“Is there only one room? What a nuisance!” cried Mrs. Walsh, who had wrinkled her nose in distaste, for the odour of the lynxes still clung to the place.

“One room and a cellar,” said Don, who had been kicking at the rubbish on the floor, and had thus disclosed a trap-door on the farther side of the room, where the big table cast a shadow.

“A cellar under this place?” exclaimed Pam in amazement. “I should not have thought the house big enough to have a cellar.”

“The place being so small would make it all the more necessary to have a store where the frost could not reach,” said Don. “You see, the folks who lived here must have had some room to store their potatoes and other roots, and it is the cheapest way of doing things to have it under the place where you live.”

“Cheap and nasty, I should say, if they all smell like this! You are surely not going down?” cried Pam, as Don struggled to lift the trap-door.

“Yes, I am, for one must know the condition of the cellar, and find out whether the beams of the floor above are sound, before determining if the house is in good enough repair to be lived in,” said Don, as he wrestled fiercely with the trap-door.

“Is it screwed down?” asked Pam in surprise, for Don was putting out all his strength, and yet failing to raise the trap-door.

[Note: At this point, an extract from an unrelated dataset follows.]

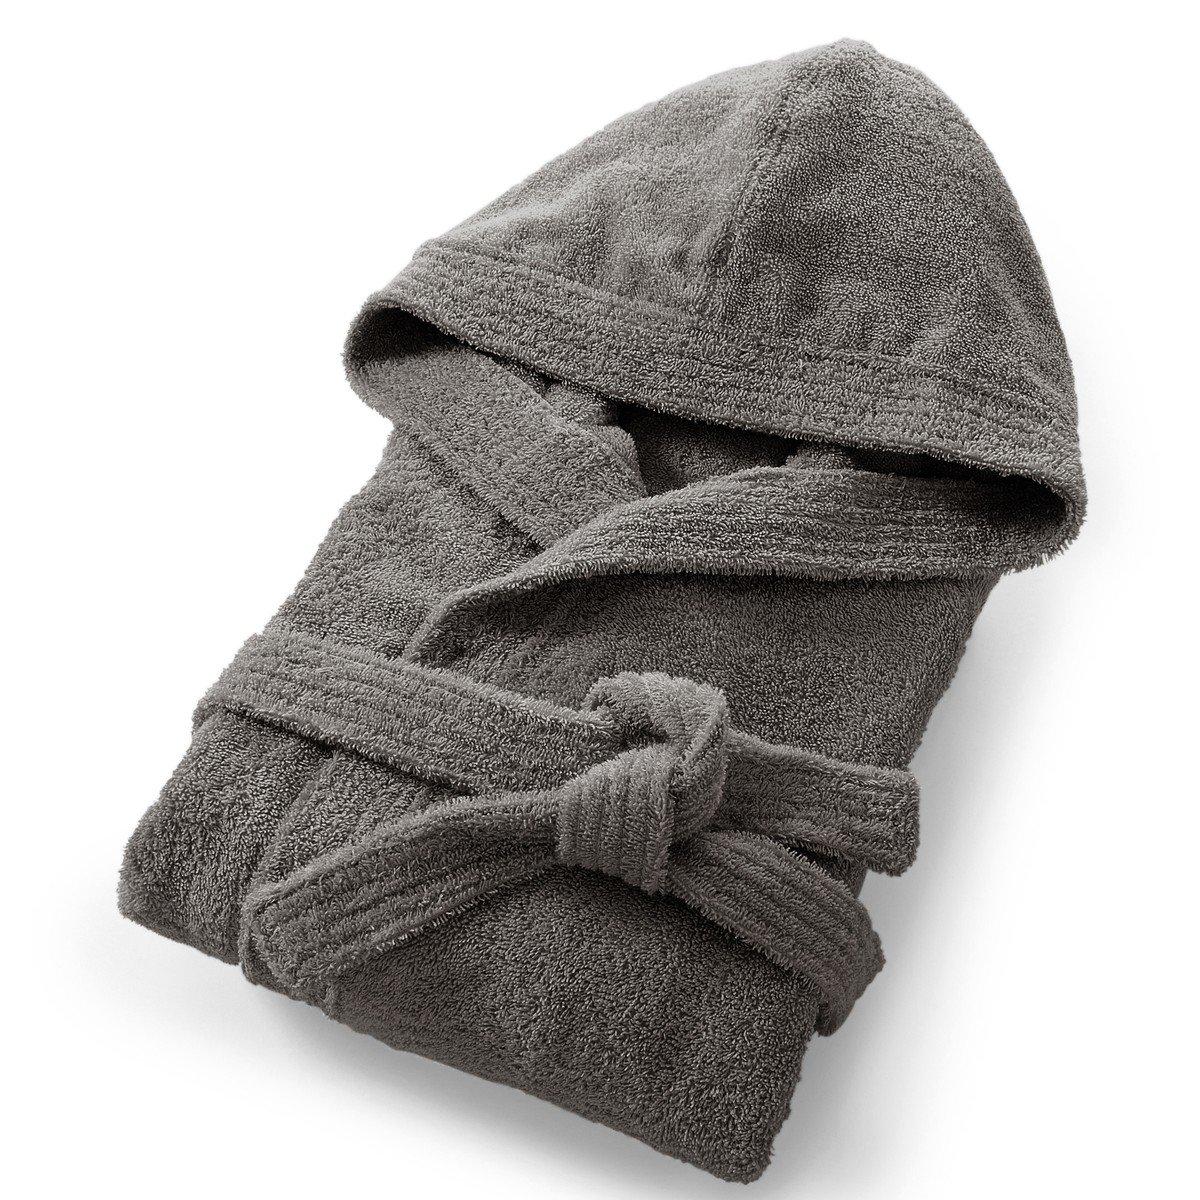 Халат La Redoute С капюшоном из махровой ткани гм 42/44 (FR) - 48/50 (RUS) серый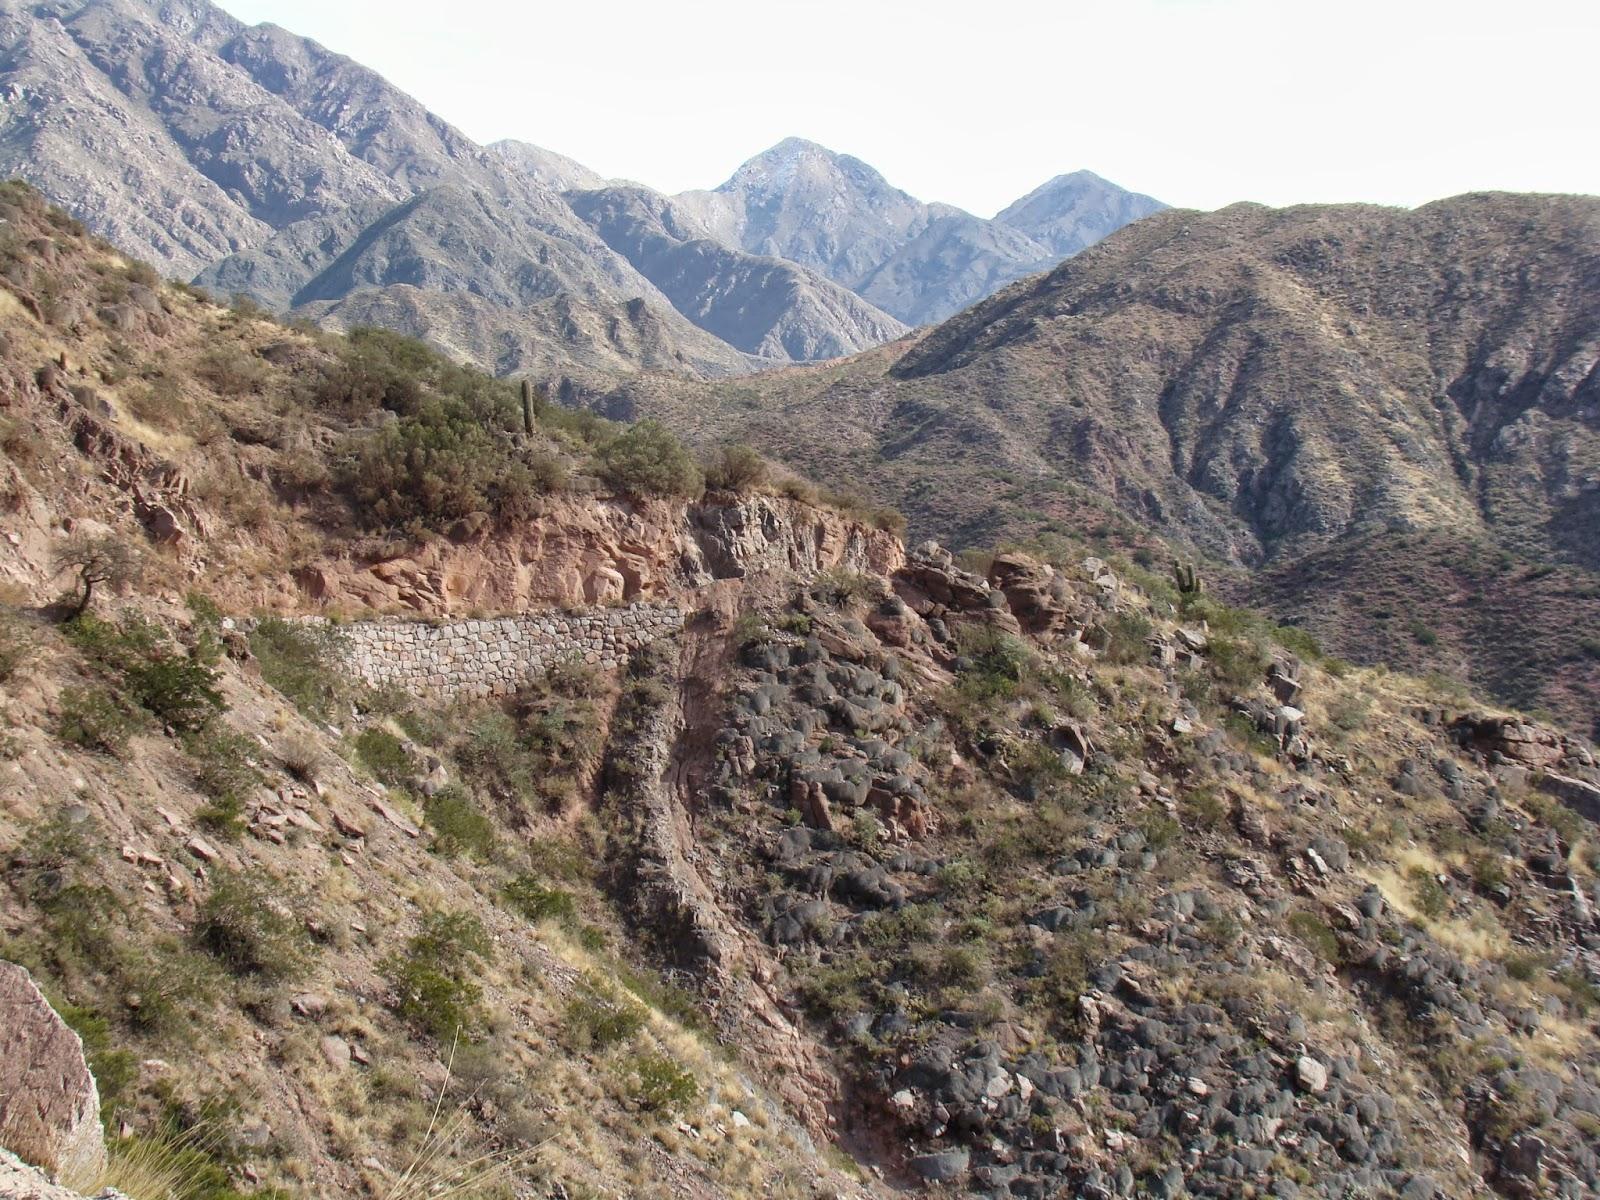 Cuesta de Miranda, Argentina, Elisa N, Blog de Viajes, Lifestyle, Travel

“There are no screw-holes that I can see,” he answered. “It feels more as if it were fastened from below, only, of course, that is out of the question. But it is coming up somehow, for I am not going to be beaten over a thing like this. Will you hand me that iron bar⁠—⁠the one leaning by the stove? Thanks; now stand clear. Ah!”

Don gave such a mighty heave that with a ripping, tearing sound the trap-door came in halves, and he crashed backwards on the floor. Though he looked ridiculous enough, no one laughed, and Jack, peering down into the dark cavity, cried out in the blankest surprise:

“I don’t wonder you could not get the door up. It is bolted down. Now, how could that bolt have been shot?”